Exercise prompt: Please give all of the data again, character for character, and drop the pictures.

Provided material:
Content starts

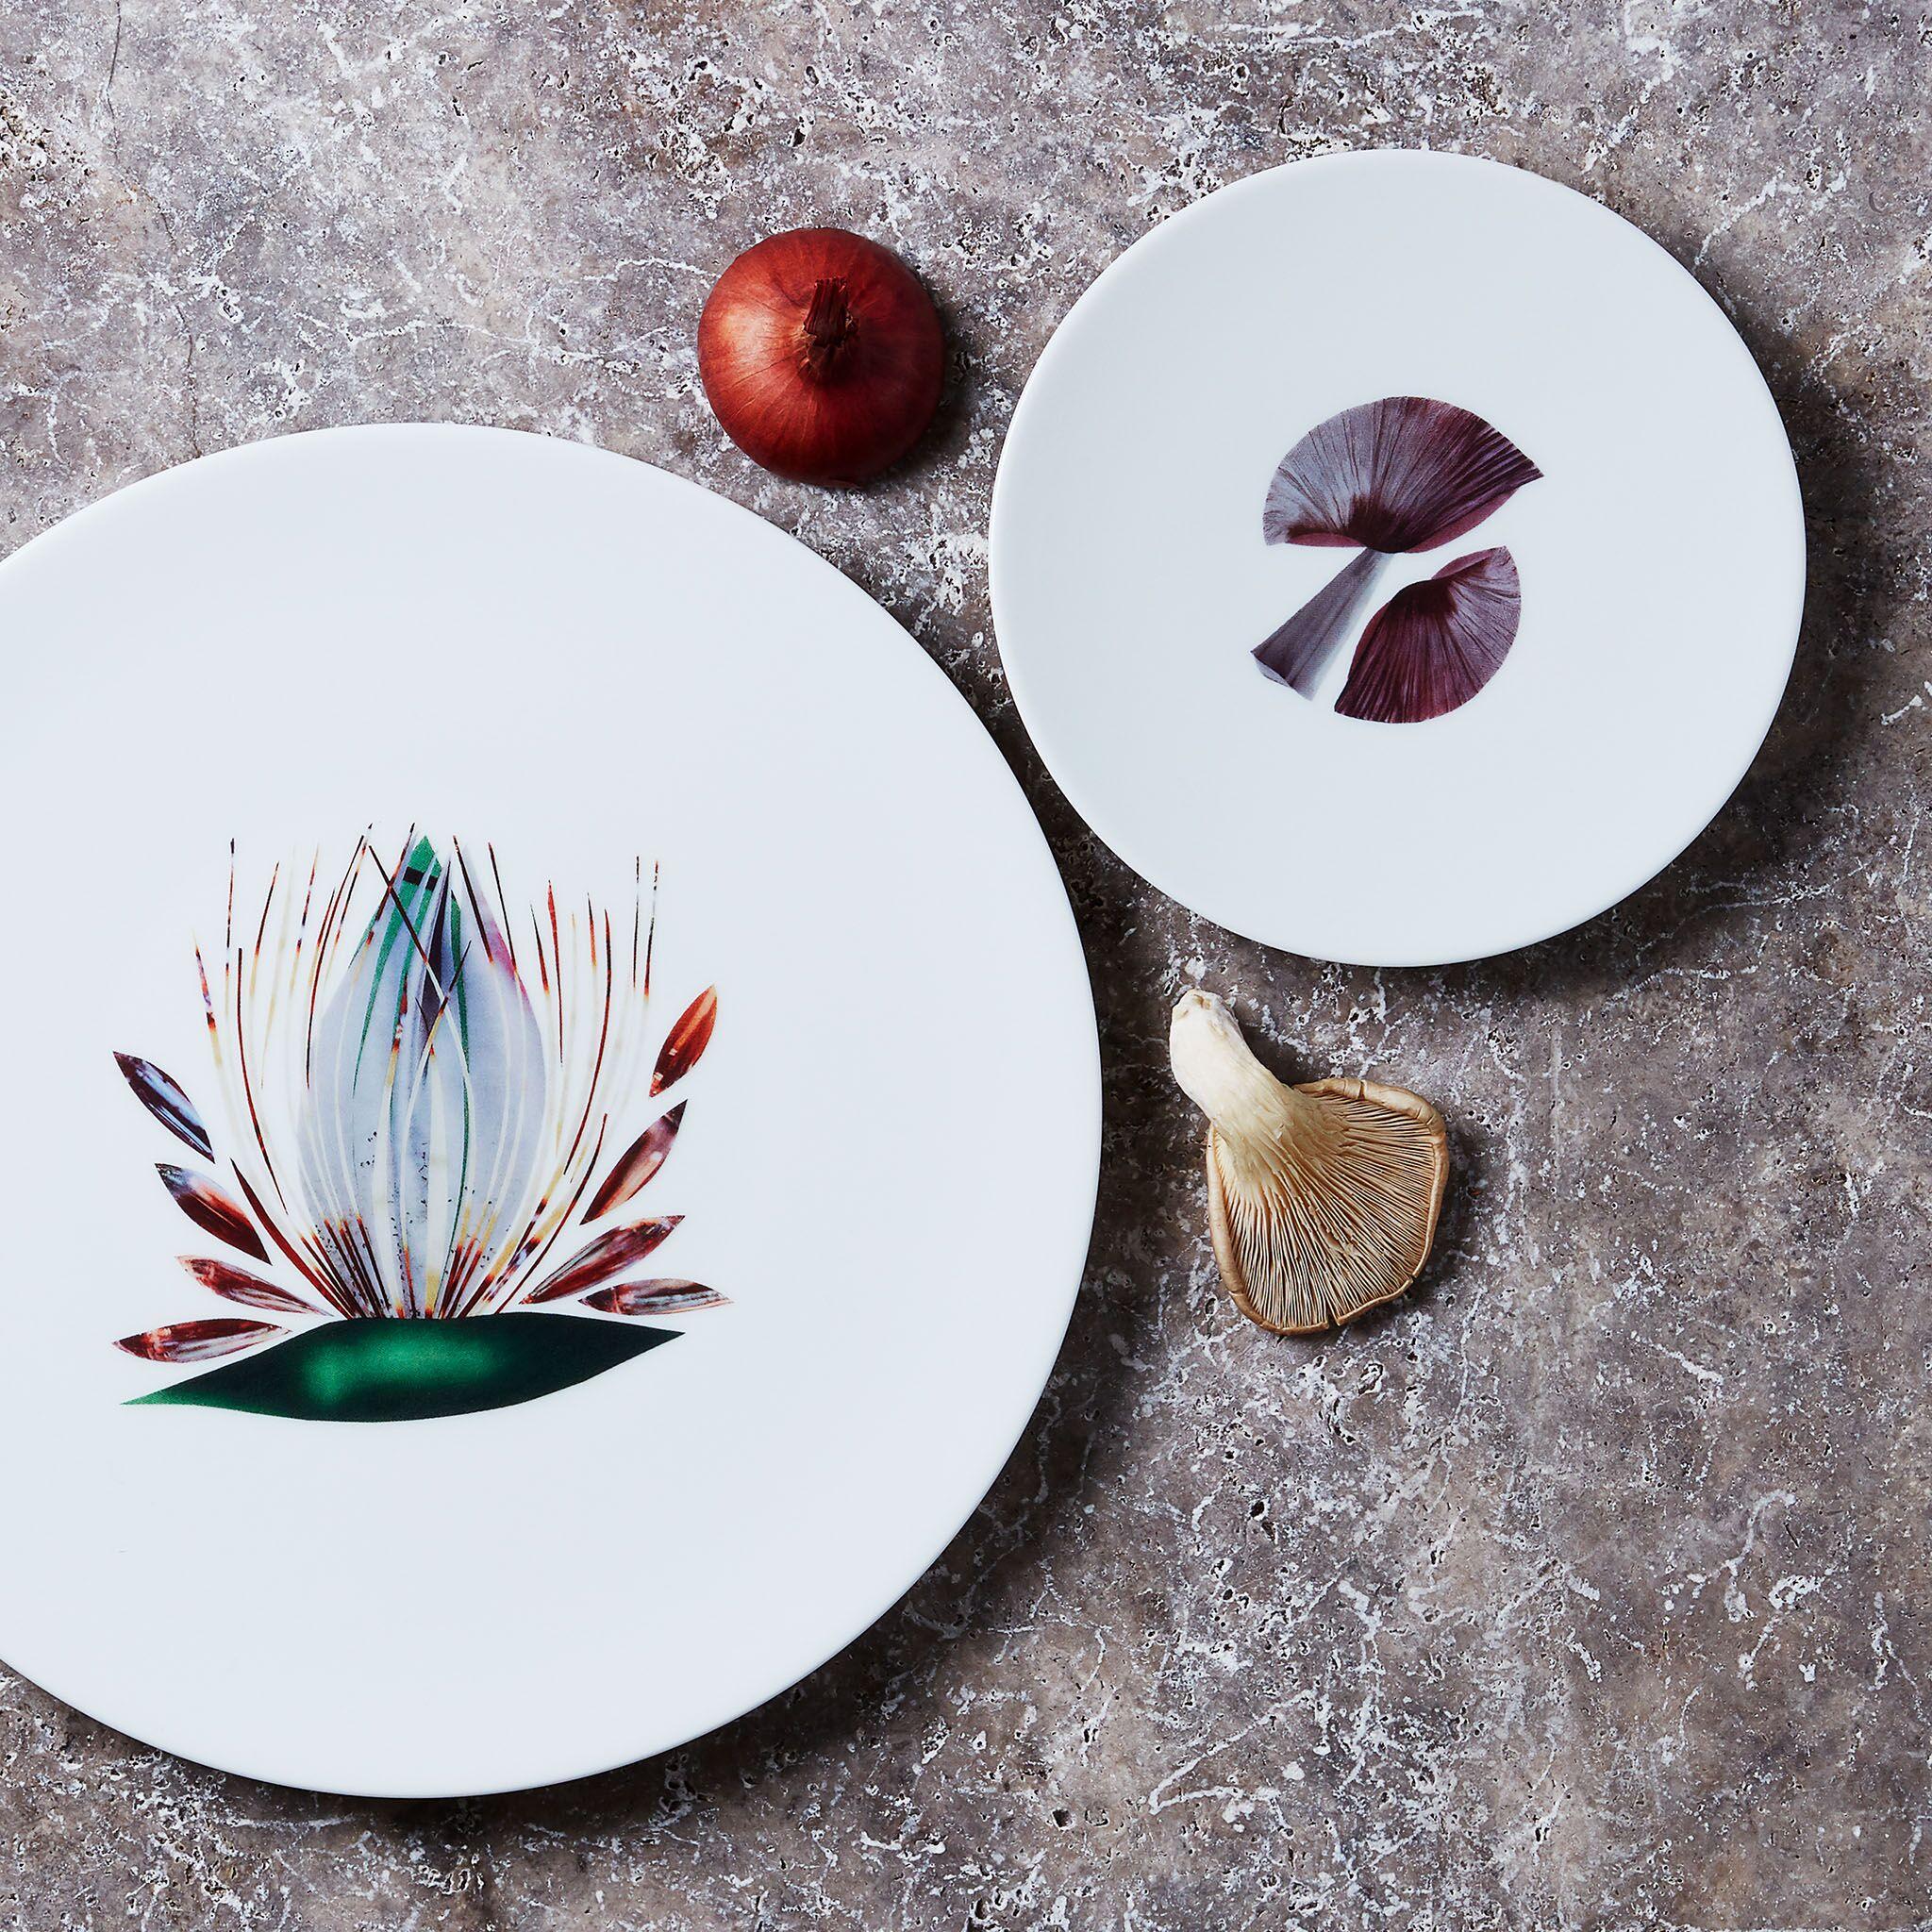 Contemporary Dinner Porcelain Plate by the French Chef Alain Passard Model 
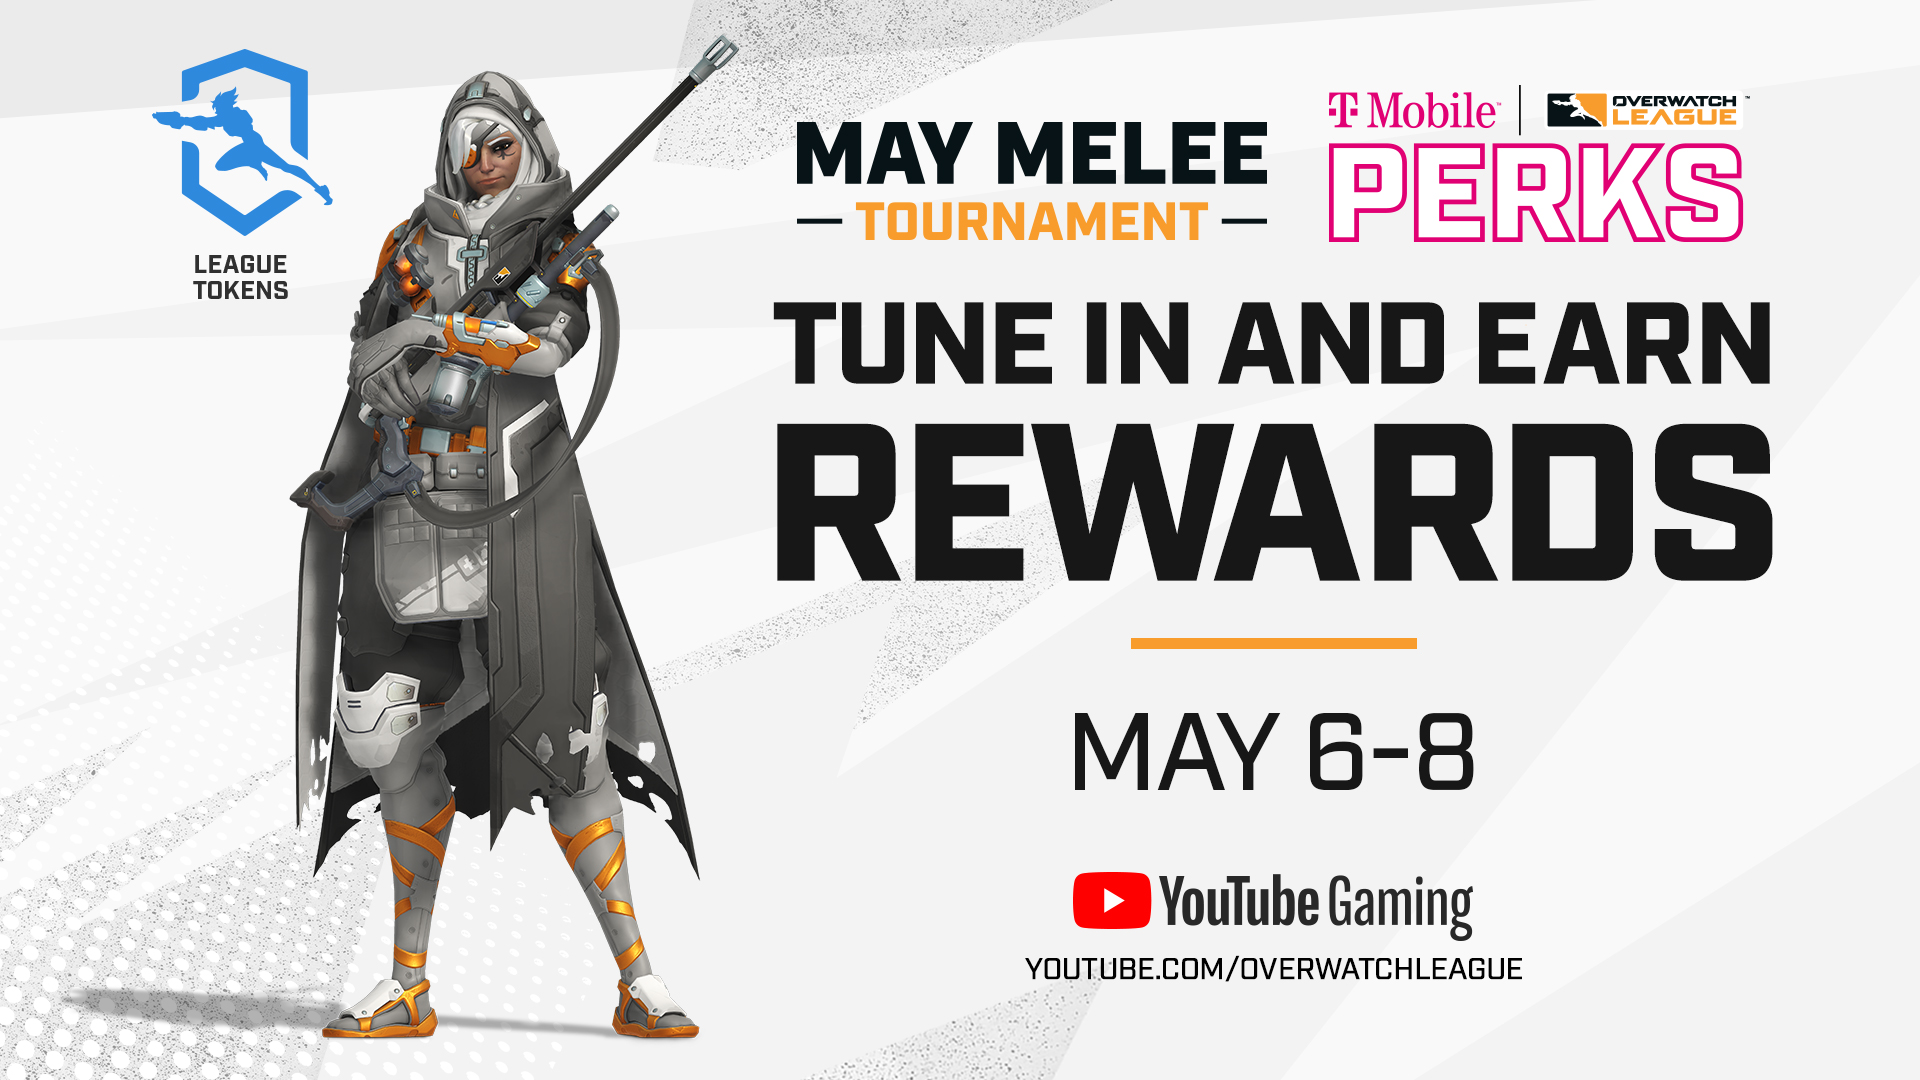 Overwatch League It S The Final Day Of The May Melee And That Means It S The Final Day To Get Your Ana Skin Link Your Account And Tune Into The Finals
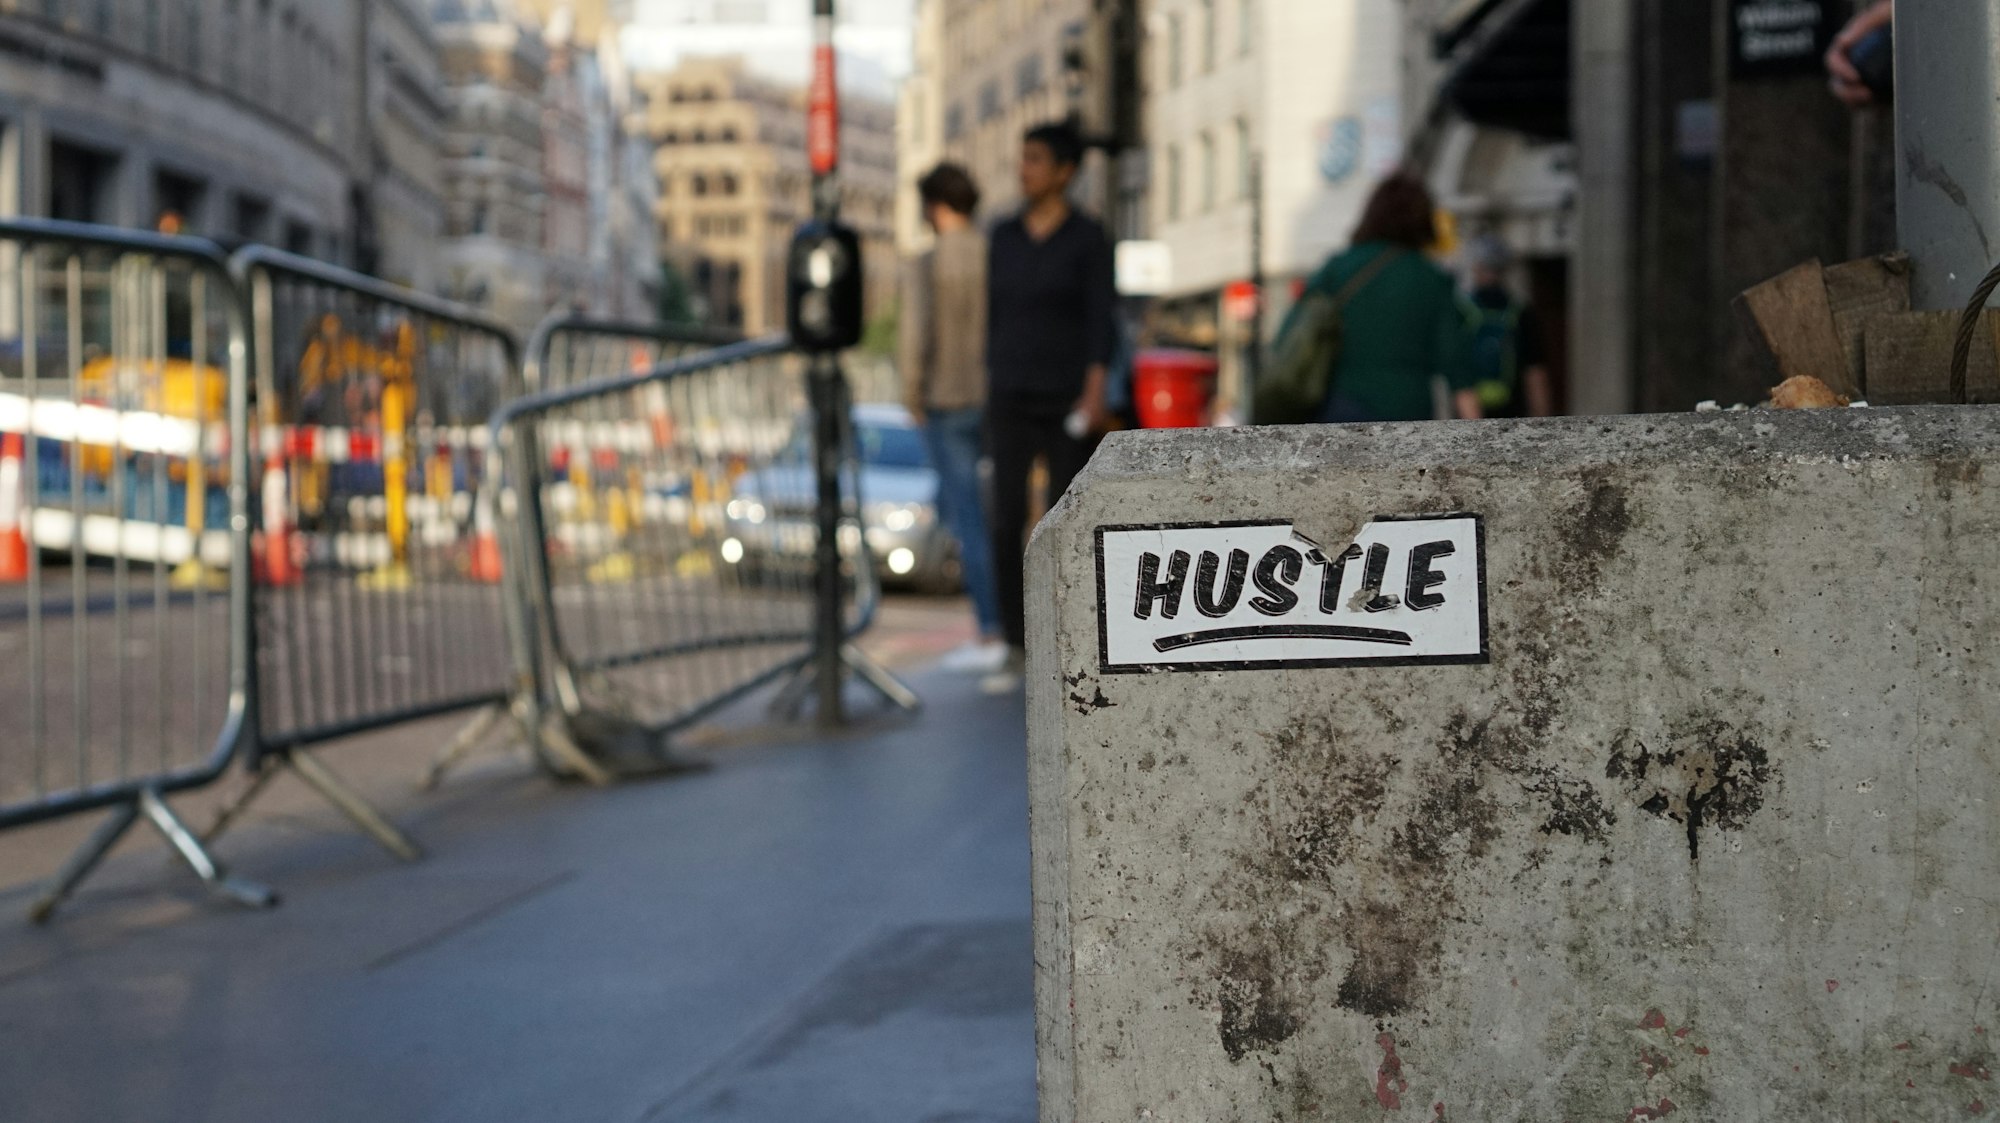 a sticker with the word "hustle" on a concrete block on a sidewalk, with barricades blocking lining the curb

Content ends

Solution below:
 Contemporary Dinner Porcelain Plate by the French Chef Alain Passard Model 
 Overwatch League It S The Final Day Of The May Melee And That Means It S The Final Day To Get Your Ana Skin Link Your Account And Tune Into The Finals
 a sticker with the word "hustle" on a concrete block on a sidewalk, with barricades blocking lining the curb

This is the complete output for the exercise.